Grazie al contributo della Fondazione Livorno, il volontariato livornese e l’Ail (Associazione Italiana contro le Leucemie-Linfomi) avranno a disposizione un nuovo mezzo, la “navetta-Day Hospital”, una Citroen Berlingo del valore di circa 24mila euro.
“Siamo onorati e felici di essere stati in grado nuovamente di renderci utili alla città ed al volontariato che è molto importante per l’assistenza sul territorio.” Queste le parole del Presidente della fondazione Livorno, Riccardo Vitti, che prosegue: “siamo ormai in un momento economicamente triste e ciò ci fa da sprone per poter sempre migliorare ed indirizzare i nostri contributi nel miglior modo”.

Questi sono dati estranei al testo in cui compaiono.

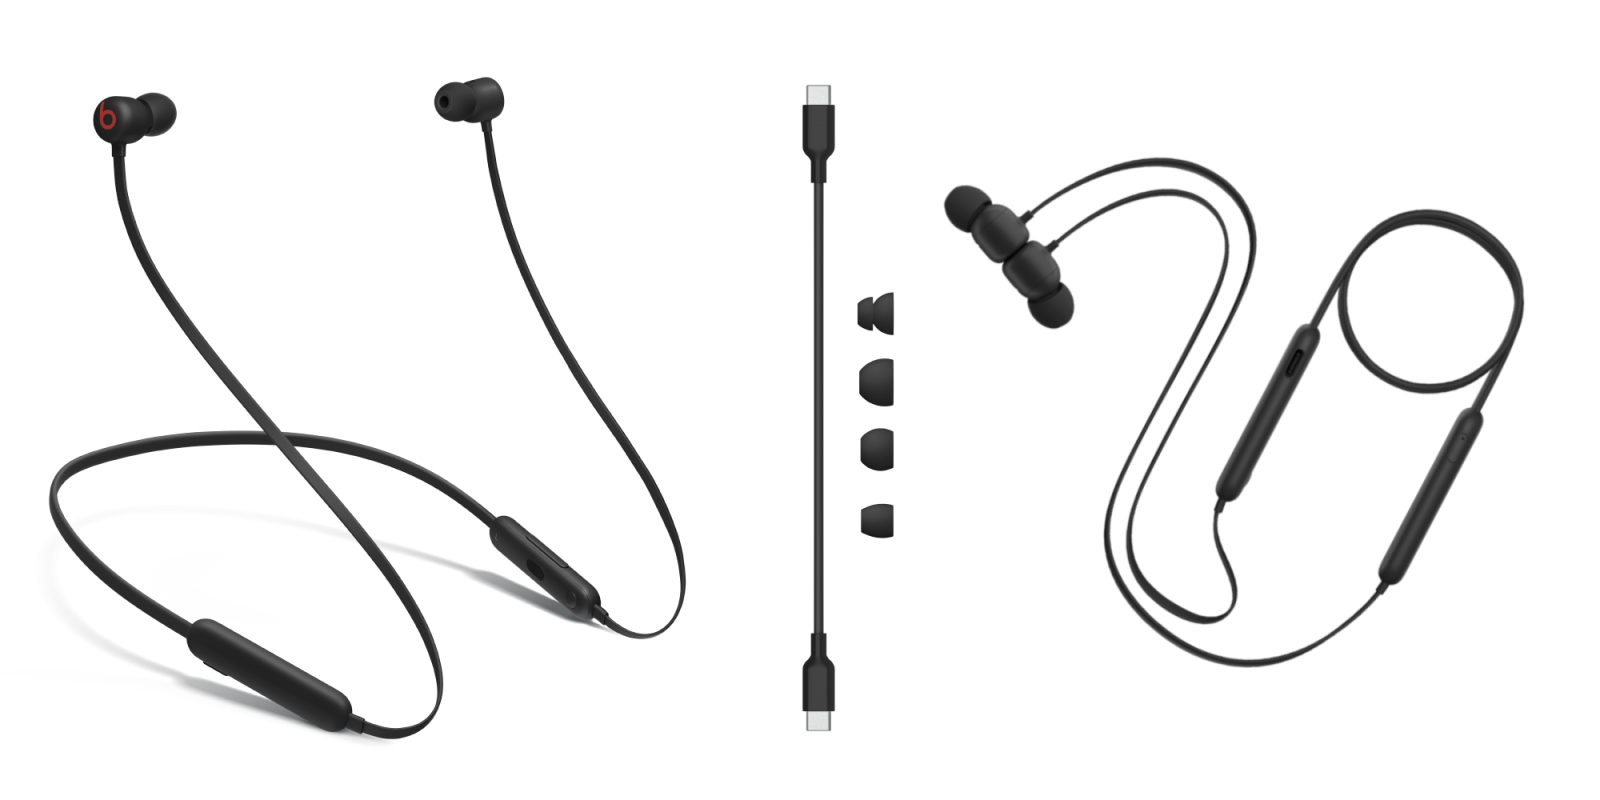 Beats Flex replaces BeatsX for $49 with USB-C charging, battery life, Apple chip 9to5Mac

“Pur essendo insediato relativamente da poco tempo – ha detto Luca Carneglia, direttore del presidio ospedaliero di Livorno dal dicembre scorso – ho avuto modo di notare e apprezzare il ruolo ricoperto dall’AIL di stimolo verso l’Azienda Usl nel migliorare l’offerta e di supporto a pazienti e familiari come dimostra lo stesso nuovo automezzo che stiamo festeggiando”.
Per Ail Livorno è intervenuto il presidente Alessandro Baldi. “Ringrazio veramente di cuore per il sostegno ed il contributo la Fondazione Livorno che ormai da molto tempo ci è vicina -ha detto il presidente di Ail – La nostra associazione potrà cosi usufruire di un mezzo che ci permetterà di arrivare in maniera più rapida, ma sempre in modo professionale, a soccorrere chi ne avesse bisogno. Sicuramente con maggiori aiuti e contributi esterni la nostra associazione potrà migliorare e fare i lavori all’ospedale nel reparto di oncologia in primis.”

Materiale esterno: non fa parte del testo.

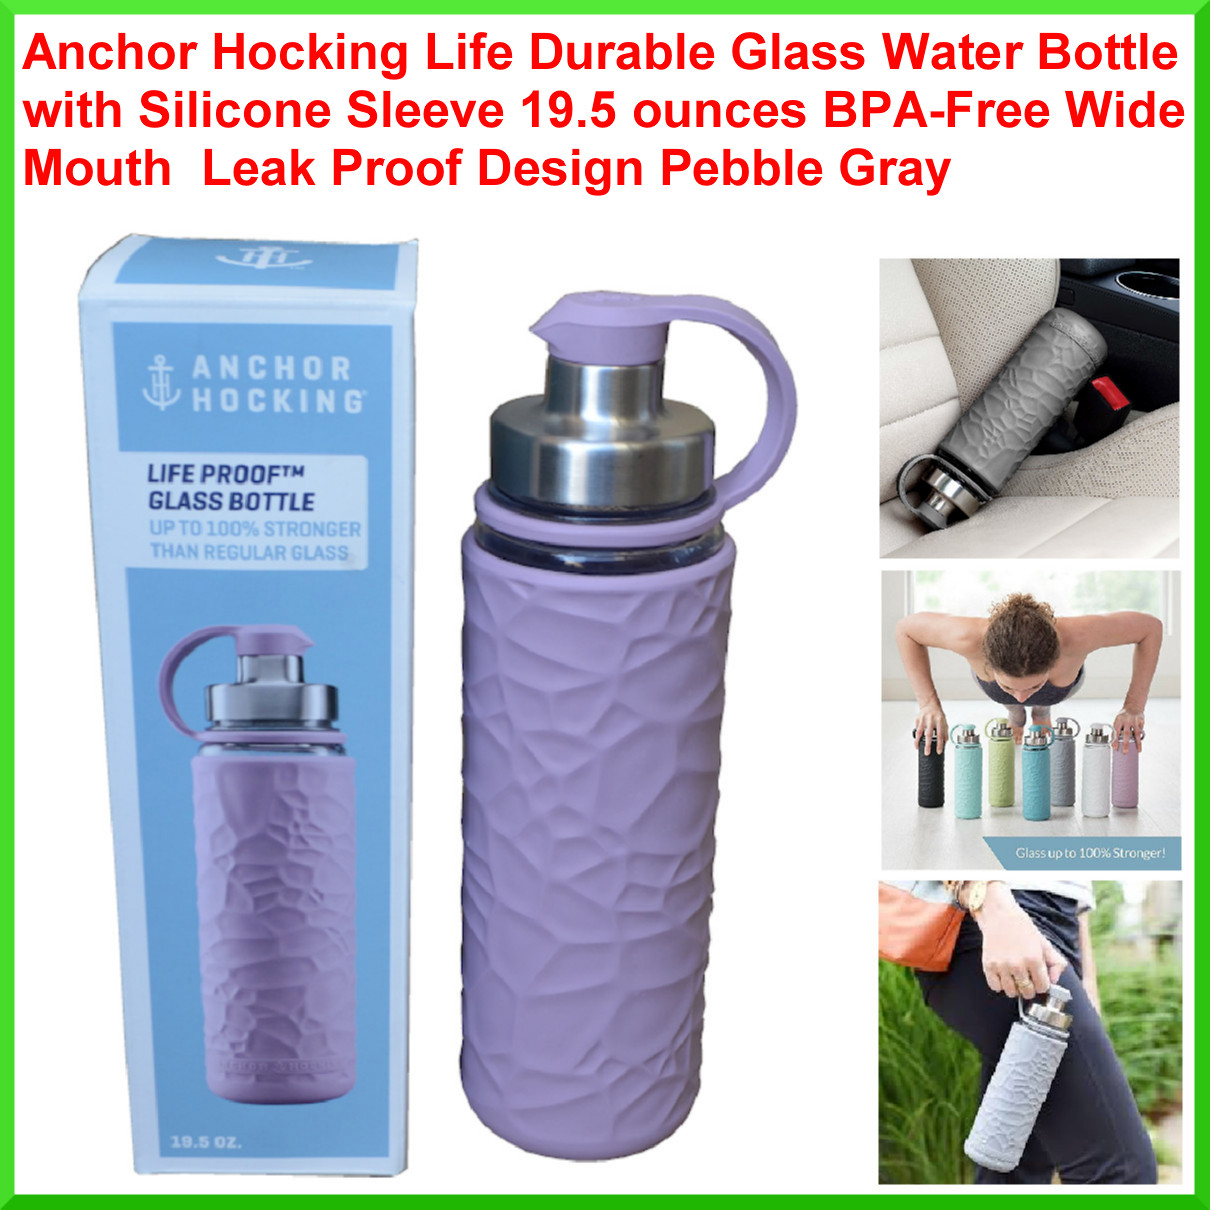 Anchor Hocking Life Durable Glass Water Bottle with Silicone

Insieme all’inaugurazione del nuovo mezzo è stato fatto visitare il nuovo reparto di oncologia nel quale sono stati fatti dei lavori sia per quanto riguarda la degenza che per gli uffici dei medici. È intervenuto quindi anche il direttore del dipartimento oncologico USL Toscana nord ovest, Giacomo Allegrini. “Negli ultimi mesi le ASL da 5 sono divenute una-  ha spiegato il primario-  la USL Toscana nord ovest, in modo tale da poter far mutare la visione che dal locale diviene aziendale da parte della sanità regionale in quanto vengono organizzati percorsi e cure diagnosi per i pazienti uguali per tutti i vari dipartimenti. Sarà sicuramente di fondamentale importanza la nuova navetta che è stata inaugurata oggi in quanto ci permetterà di essere molto più mobili sul territorio.”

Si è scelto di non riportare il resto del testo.